What you do find in the broad swath of ocean around Point Nemo—at the bottom of the sea, two and a half miles below the surface—are the remains of spacecraft. They were brought down deliberately by means of a controlled deorbit, the idea being that the oceanic point of inaccessibility makes a better landing zone than someone’s rooftop in Florida or North Carolina. Parts of the old Soviet Mir space station are here somewhere, as are bits and pieces of more than 250 other spacecraft and their payloads. They had been sent beyond the planet’s atmosphere by half a dozen space agencies and a few private companies, and then their lives came to an end. There is a symmetry in the outer-space connection: If you are on a boat at Point Nemo, the closest human beings will likely be the astronauts aboard the International Space Station; it periodically passes directly above, at an altitude of about 250 miles. When their paths crossed at Point Nemo, the ISS astronauts and the sailors aboard the Mālama exchanged messages.

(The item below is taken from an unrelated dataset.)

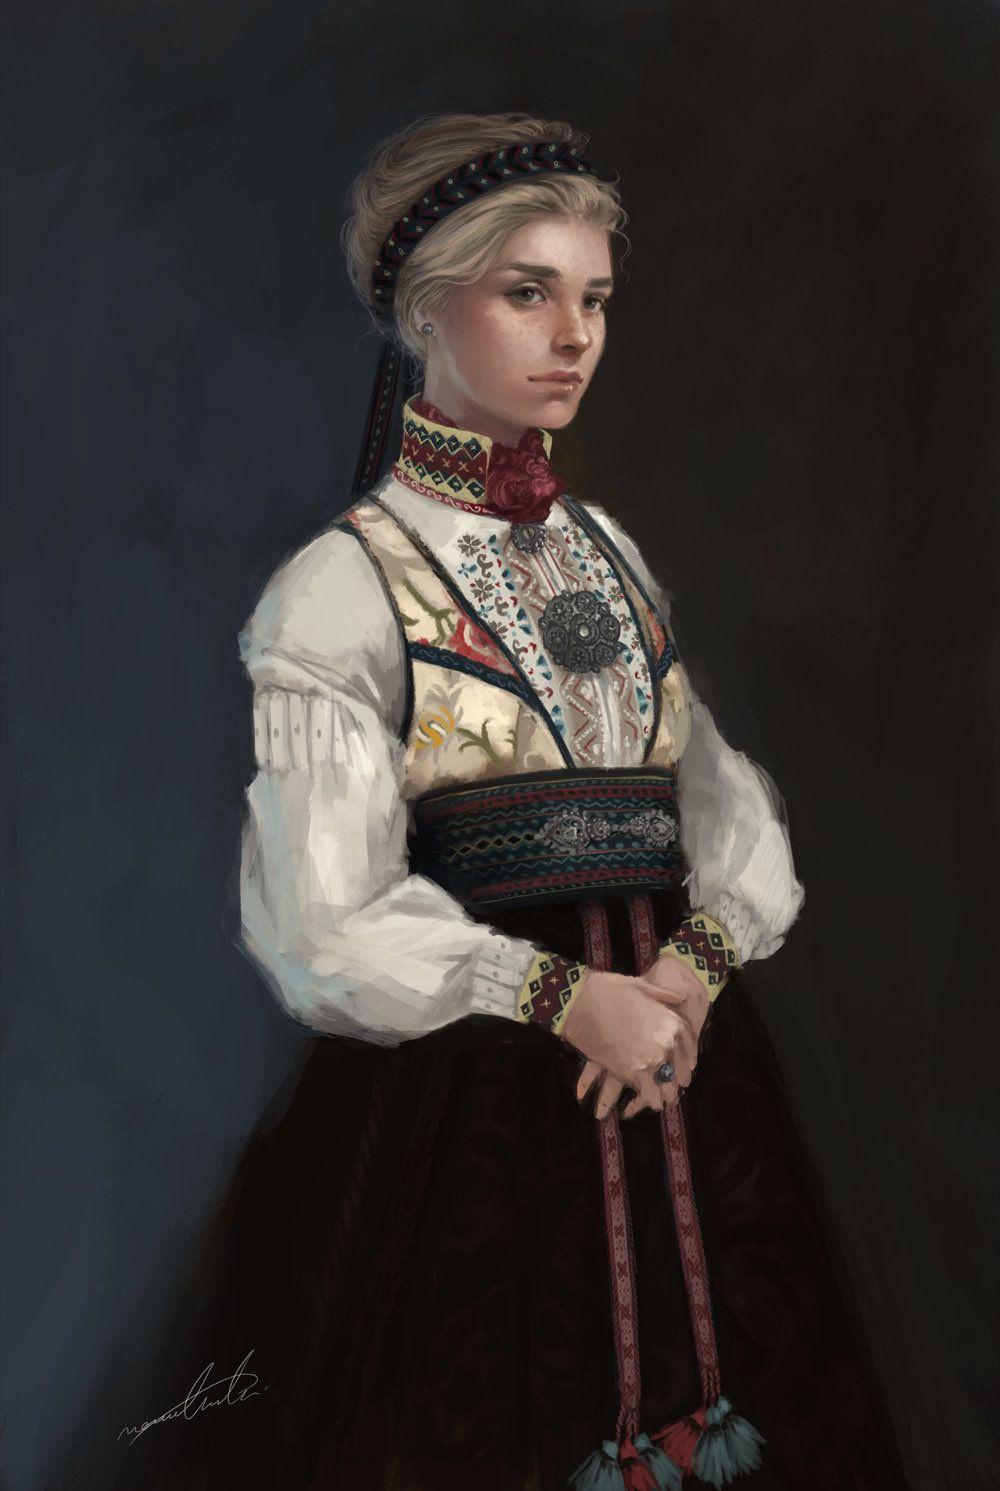 Lady Witten
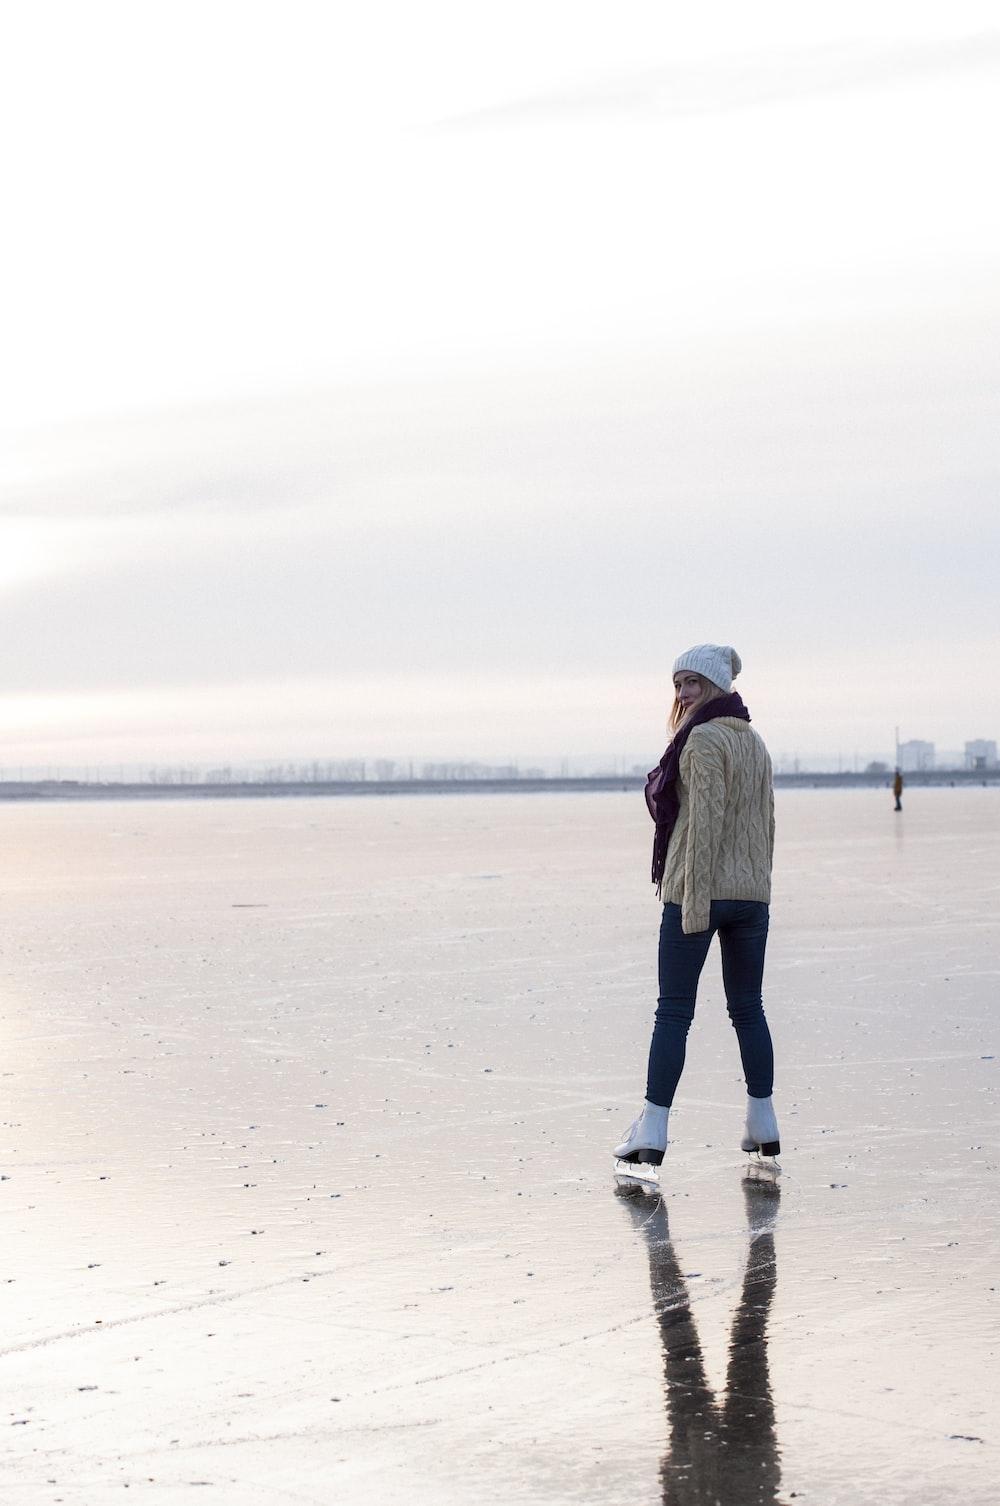 woman ice skating during daytime

illustration of a globe with Point Nemo at the center, shown along with the circle around it formed by Ducie Island, Moto Nui, and Maher Island, along with Antarctica and South America
Illustration by Anuj Shrestha

The Mālama’s crew spoke with me about the experience of remoteness. At Point Nemo, they noted, there is no place to escape to. If a mast breaks, the closest help, by ship, from Chile or New Zealand, could be a week or two away. You need to be able to fix anything—sails, engines, electronics, the hull itself. The crew described sensations of rare clarity and acuity brought on by the sheer scale of risk. The austral environment adds a stark visual dimension. At this far-southern latitude, the interplay of light and cloud can be intense: the darks so very dark, the brights so very bright.

Simon Fisher, the Mālama’s navigator, described feeling like a trespasser as the boat approached Point Nemo—intruding where human beings do not belong. Crew members also described feelings of privilege and power. “There’s something very special,” Fisher said, “about knowing you’re someplace where everybody else isn’t.”

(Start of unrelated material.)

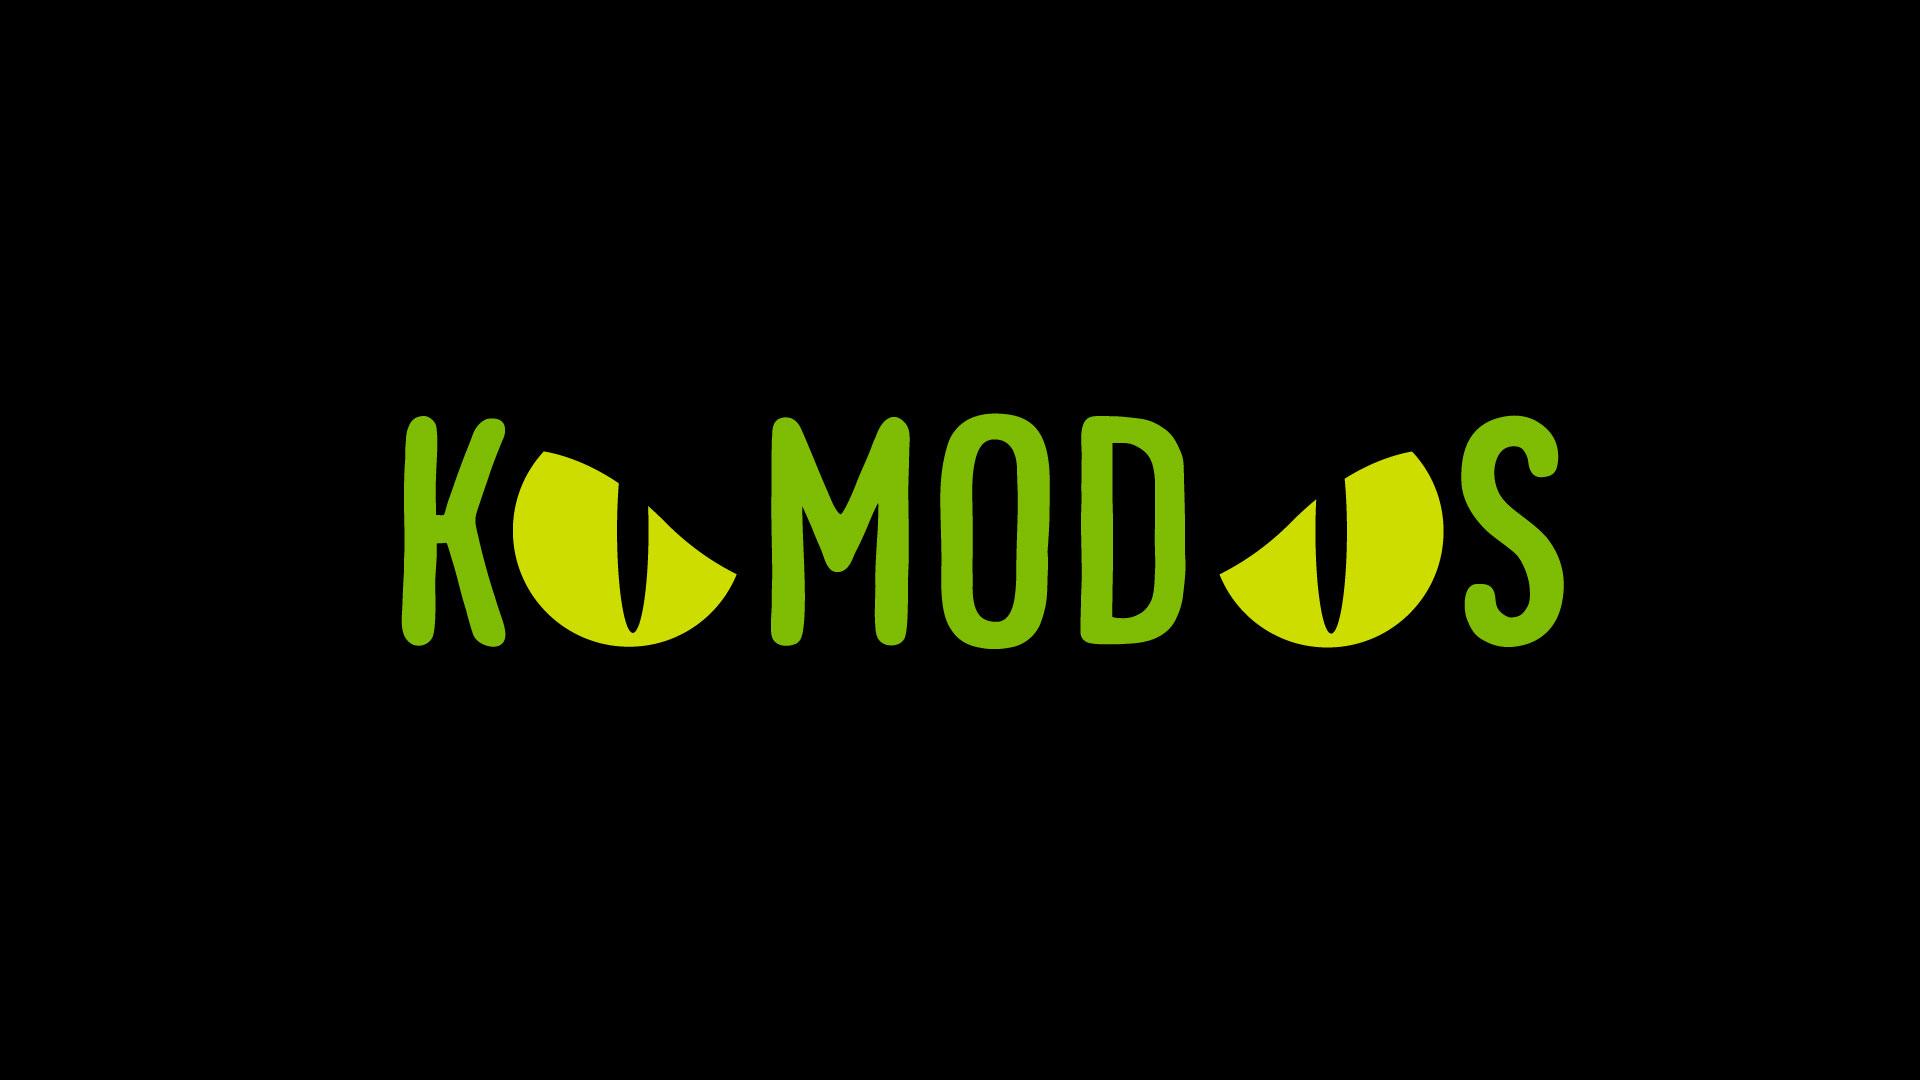 MET-Komodos-eyes.jpg

We all know the feeling. Rain-swept moors, trackless deserts, unpeopled islands. For me, such places are hard to resist. Metaphorically, of course, remoteness can be found anywhere—cities, books, relationships. But physical remoteness is a category of its own. It is an enhancer: It can make the glorious better and the terrible worse. The oceanic pole of inaccessibility distills physical remoteness on our planet into a pure and absolute form. There are continental poles of inaccessibility too—the place on each landmass that is farthest from the sea. But these locations are not always so remote. You can drive to some of them. People may live nearby. (The North American pole of inaccessibility is on the Pine Ridge Reservation, in South Dakota.) But Point Nemo is nearly impossible to get to and offers nothing when you arrive, not even a place to stand. It is the anti-Everest: It beckons because nothing is there.

I first heard the name Point Nemo in 1997, when hydrophones on the floor of the South Pacific, thousands of miles apart, picked up the loudest underwater sound ever recorded. This got headlines, and the sound was quickly named the “Bloop.” What could be its source? Some speculated about an undiscovered form of marine life lurking in the abyssal depths. There was dark talk about Russian or American military activity. Readers of H. P. Lovecraft remembered that his undersea zombie city of R’lyeh was supposedly not far away. Scientists at the National Oceanic and Atmospheric Administration eventually concluded that the sound had come from the fracturing or calving of ice in Antarctica. In this instance, freakish conditions had directed the sound of an Antarctic event northward, toward a lonely expanse of ocean. Faraway hydrophones then picked up the sound and mistook its place of origin. News reports noted the proximity to Point Nemo.

[Video: The loudest underwater sound ever recorded has no scientific explanation]

You might have thought that a planetary feature as singular as the oceanic pole of inaccessibility would be as familiar as the North Pole or the equator. In a sci-fi story, this spot in the South Pacific might be a portal to some other dimension—or possibly the nexus of the universe, as the intersection of First and First in Manhattan was once said to be. Yet at the time of the Bloop, the location of the oceanic pole of inaccessibility had been known and named for only five years.

I have not been to Point Nemo, though it has maintained a curious hold on me for decades. Not long ago, I set out to find the handful of people on Earth who have some sort of personal connection to the place. I started with the man who put it on the map.

Hrvoje Lukatela, a Croatian-born engineer, left his homeland in the 1970s as political and intellectual life there became turbulent. At the University of Zagreb, he had studied geodesy—the science of measuring Earth’s physical properties, such as its shape and its orientation in space. Degree in hand, he eventually found his way to Calgary, Alberta, where he still lives and where I spent a few days with him last fall. At 81, he is no longer the avid mountaineer he once was, but he remains fit and bluff and gregarious. A trim gray beard and unkempt hair add a slight Ewok cast to his features.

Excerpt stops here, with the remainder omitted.